The AFL++ components modified to incorporate our path-aware feedback include the following files:

• src/afl-cc.c - to insert the switch to toggle the use of our instrumentation
• src/afl-fuzz-queue.c - to dump the favored seeds from AFL++
• src/afl-fuzz-run.c - to implement a single-calibration cycle (used by the aggressive mode of the culling script)
• include/config.h - to set the default map size and define the single-calibration cycle
• include/envs.h - to define the new environment variables we introduced in the fuzzer
• GNUmakefile.llvm - to compile our analysis and transformation passes (see below) alongside AFL++

Instrumentation

The implementation of our path-aware feedback is based on a Ball-Larus path numbering instrumentation for the LLVM IR. We adapted an existing implementation to instrument programs at the LLVM IR level and to integrate path counters into AFL++'s feedback loop.

The specific source files involved in the LLVM IR instrumentation for path-aware fuzzing are:

• instrumentation/PathNumbering.cpp and instrumentation/PathNumbering.h - implementing the path enumeration and numbering algorithms
• instrumentation/afl-llvm-BL-profiling-pass.so.cc - injecting the path profiling instrumentation into the binary and handling the fuzzer's queue management operations

UniFuzz Targets

The unifuzz/ directory contains the scripts and Docker images to reproduce the UniFuzz targets evaluated in the paper.
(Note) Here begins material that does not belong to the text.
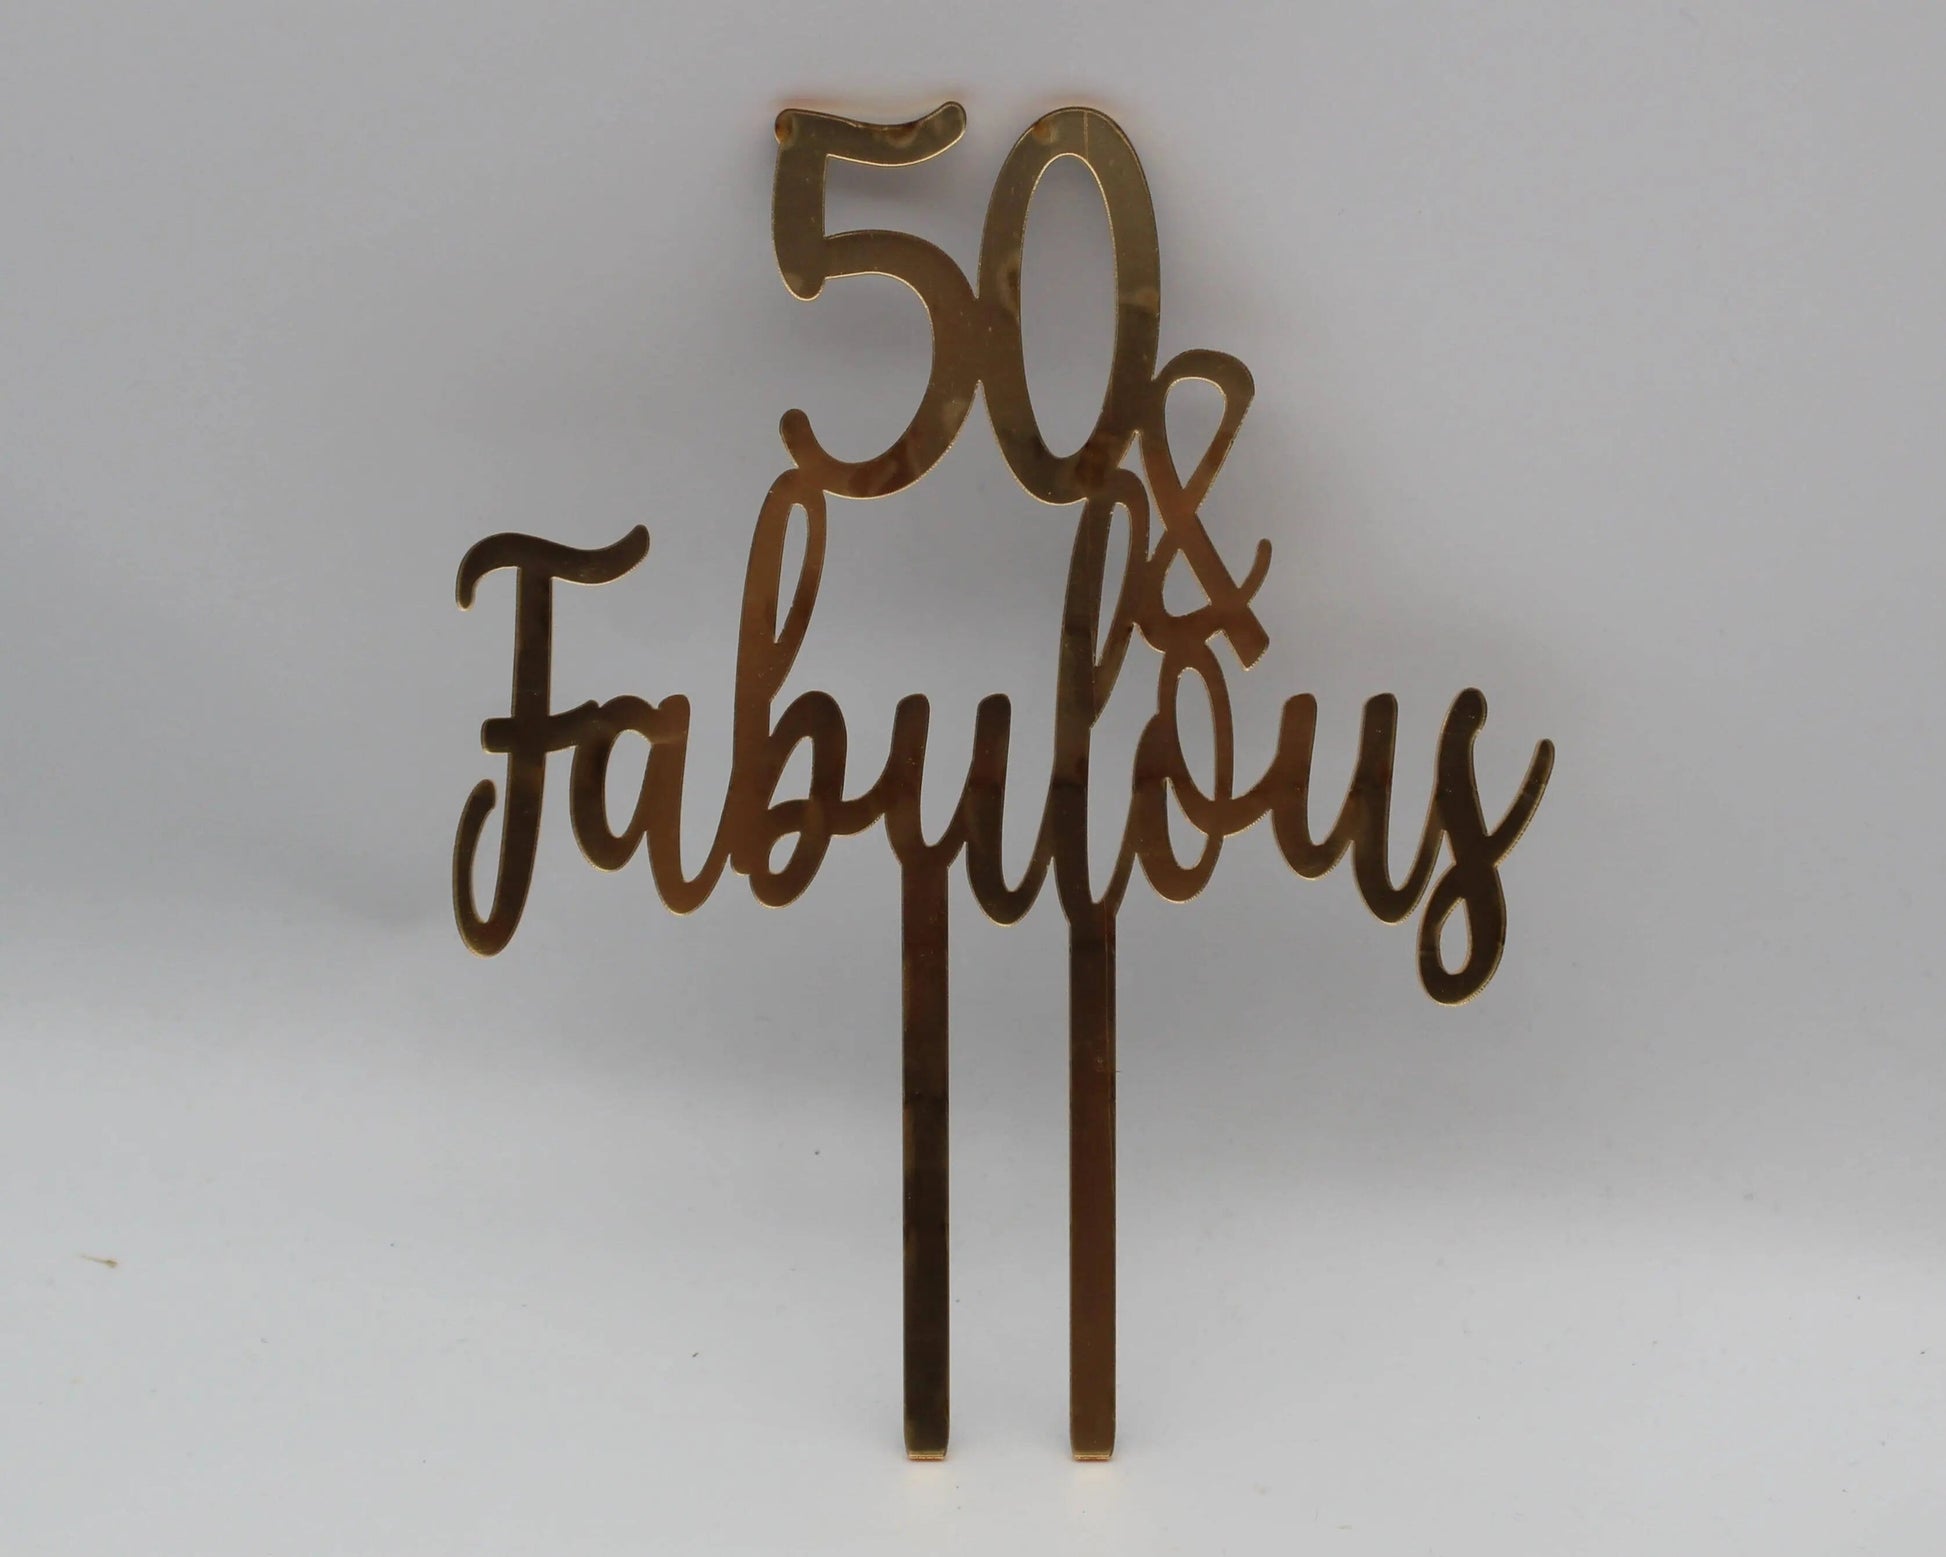 40, 50, etc. Fabulous Cake Topper - Haisley Design
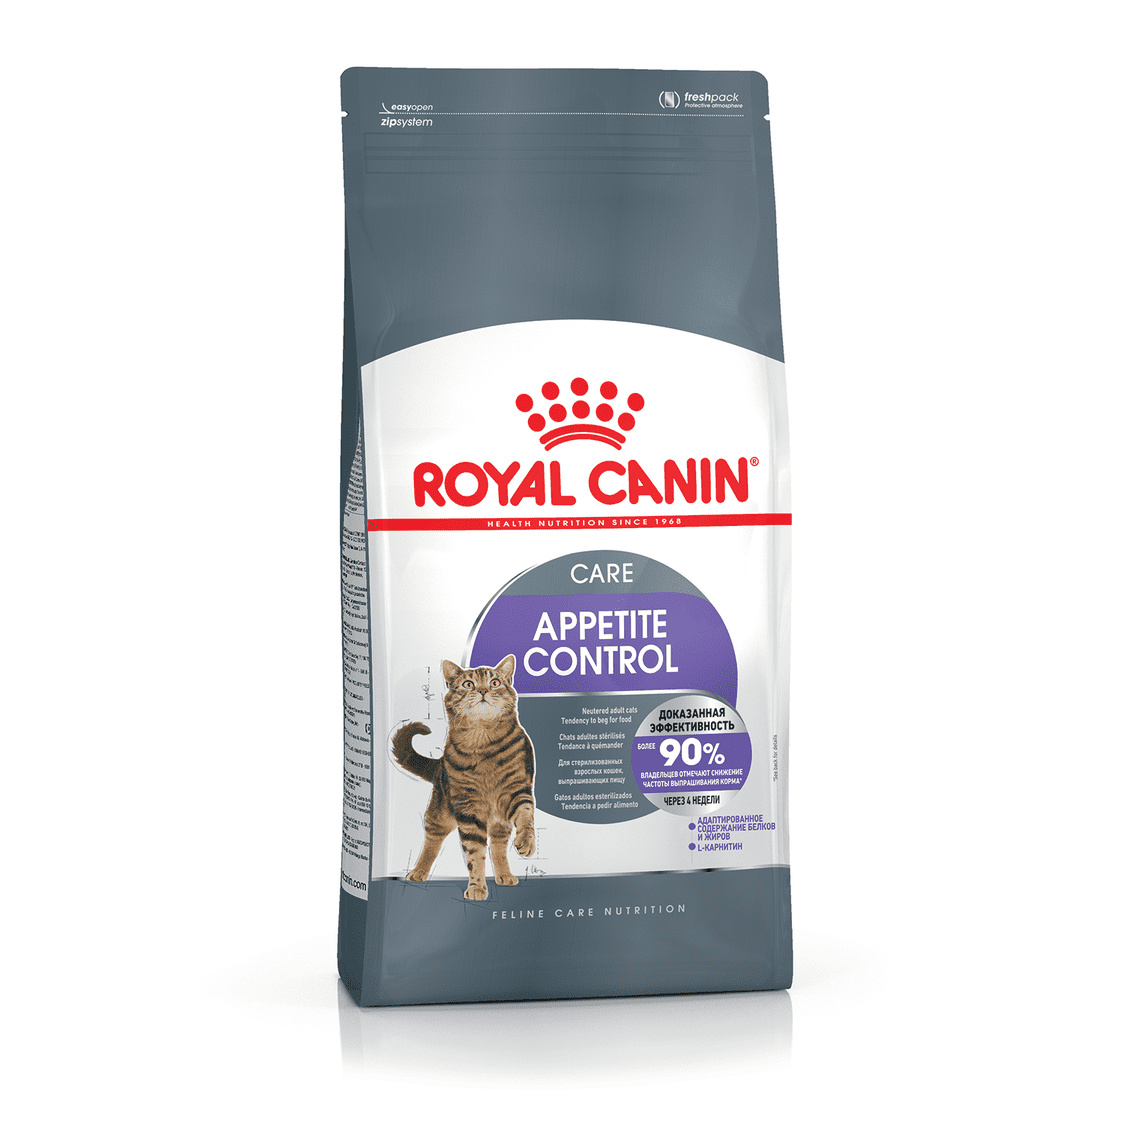 Royal Canin Корм Royal Canin для взрослых кошек, рекомендуется для контроля выпрашивания корма (400 г) 3шт 400гр royal canin сухой корм для взрослых кошек appetite control care предрасположенных к набору лишнего веса 1200 г

Subject directories follow the layout unifuzz/<subject>/[path|pcguard].

• path: scripts and Docker image for building and running a subject with the path-aware instrumentation provided by this repository (path, cull and opp fuzzers).
• pcguard: scripts and Docker image for building and running a subject with AFL++'s pcguard instrumentation (used for baseline comparisons).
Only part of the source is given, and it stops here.